Рут приносила ему разные диковины. Киви. Манго. Один раз целый ананас. Раньше он никогда их не ел. Он не был голоден. Он предложил ей есть их самой. Ему нравилось смотреть, как она ест. Он боролся с тошнотой.
Когда приходила Рут, он вспоминал о жене. Что с ней такое? Почему она такая, какая есть? Что он сделал, чтобы заслужить ее? Зачем он с ней связался? В восемнадцать лет она забеременела. Вот и все. Ему казалось, что это бессмыслица. Он начал двигать головой.
— Завтра тебя переводят наверх, — сообщила ему Рут.
— Может быть… — начал он, но от слабости не закончил. Ему кололи наркотики. Говорить было тяжело. — Уотерфорд.
Она рассмеялась:
— Нет.
— Видела Гилберта?
— Гилберта?
— Что?
— Ты говоришь о каком-то Гилберте.
— А… — Он попытался сосредоточиться. Будто старый фильм в режиме замедленного воспроизведения. Кое-где пленка потерлась от времени. Возникали провалы. — Я говорю о Гилберте? — Он рассматривал ее лицо.
— Да. — Она улыбнулась.
О Боже! Господи Иисусе!
Разве можно быть такой красивой? Как это возможно? Он не заслужил ее. Ему хотелось коснуться ее. Только тогда он бы поверил.

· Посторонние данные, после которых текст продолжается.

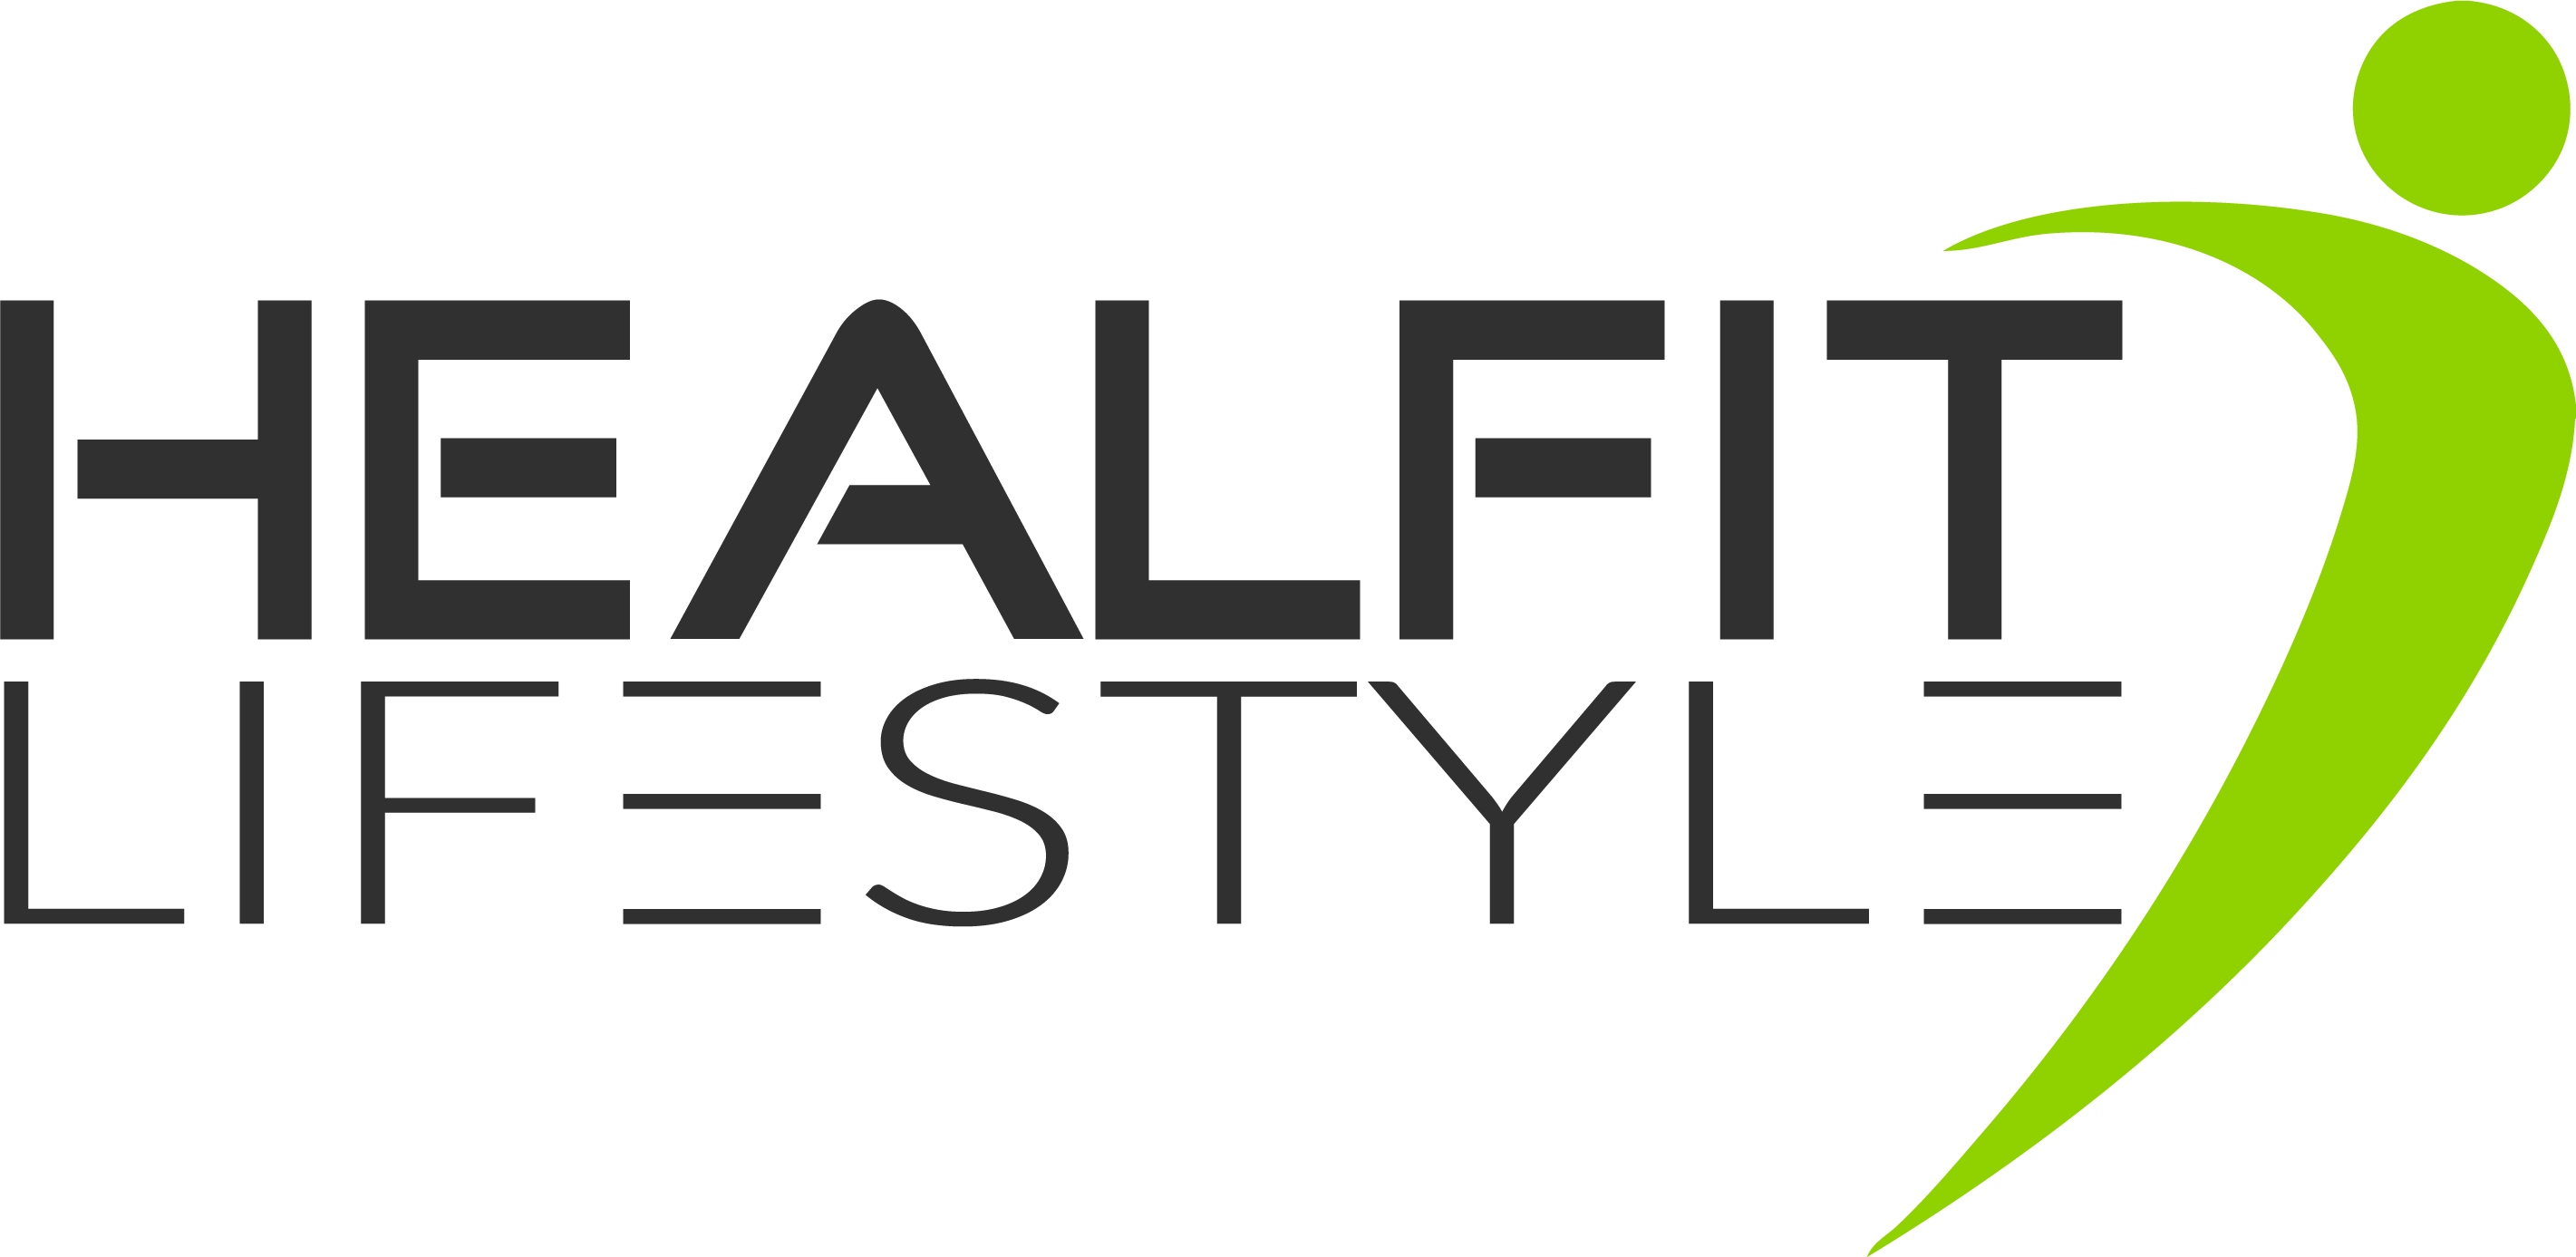 HealFit

Палату наверху он делил с троими другими мужчинами. Все члены клуба «Штопаная грудь». Так назвала их жена одного соседа, когда приходила навестить мужа. Он лежал и слушал. Слышал все, что говорили за ширмой. Люди разговаривали, как будто их не слышал никто. Полушепотом. Но было слышно каждое их слово.
Стежки на груди. Клуб «Штопаная грудь». Он тоже состоял членом клуба.
— Я попросила, чтобы тебя перевели в отдельную палату, — сказала Рут, сидевшая на стуле у кровати. — Завтра, может быть, переведут.
— Не волнуйся, — ответил он. Он не хотел причинять ей беспокойство. Пусть он терпеть не мог болтовни. Соседи и их родственники. Он не хотел слышать их разговоров. Ему все нездоровилось. От их голосов болела голова. Становилось хуже. Так ему казалось. Они вызывали у него гримасы боли. Мужчина, лежавший прямо напротив. Его жена вечно болтала по телефону. С подругами. Передавала им новости о своем муже. Будто ее муж вовсе не лежал рядом. Рассказывала, как произошел сердечный приступ. Как он упал в супермаркете. Удивительно, что еще жив остался. Банки с фруктовым компотом посыпались прямо на него. На голову. Как только череп ему не пробили. Приехала «скорая». Все косые. Вся бригада. Вообще не соображали, что делают. Один раз его уронили. Медсестры. Им тут на все плевать. Человек умирает, а сестру не дозовешься. Да, сейчас ему лучше. Сегодня утром у него был стул.
Не голос, а чистая мука.
— К нам приезжает Кейт Джаррет, — сказала Рут, вынимая из сумки журнал.
— А кто это?
— Пианист. Джазовый.
— А…
— Через месяц. Пойдем?
— Я не знаю.
— К тому времени ты поправишься.
— Если жив буду.
— Будешь. — Она улыбнулась. Прическа конский хвост. Серебряные кольца в ушах. Она смотрела на него, как смотрят на любимых. — Ты уже умирал. Ты через это прошел.
Он вытаращил глаза.
— Как «умирал»?
— Натурально, — ответила она серьезным ровным голосом. — И умер.
Он прищелкнул языком
— Я был мертв?
— Да.
— Долго?
— Не очень. Минут пять. Потом тебя вернули к жизни.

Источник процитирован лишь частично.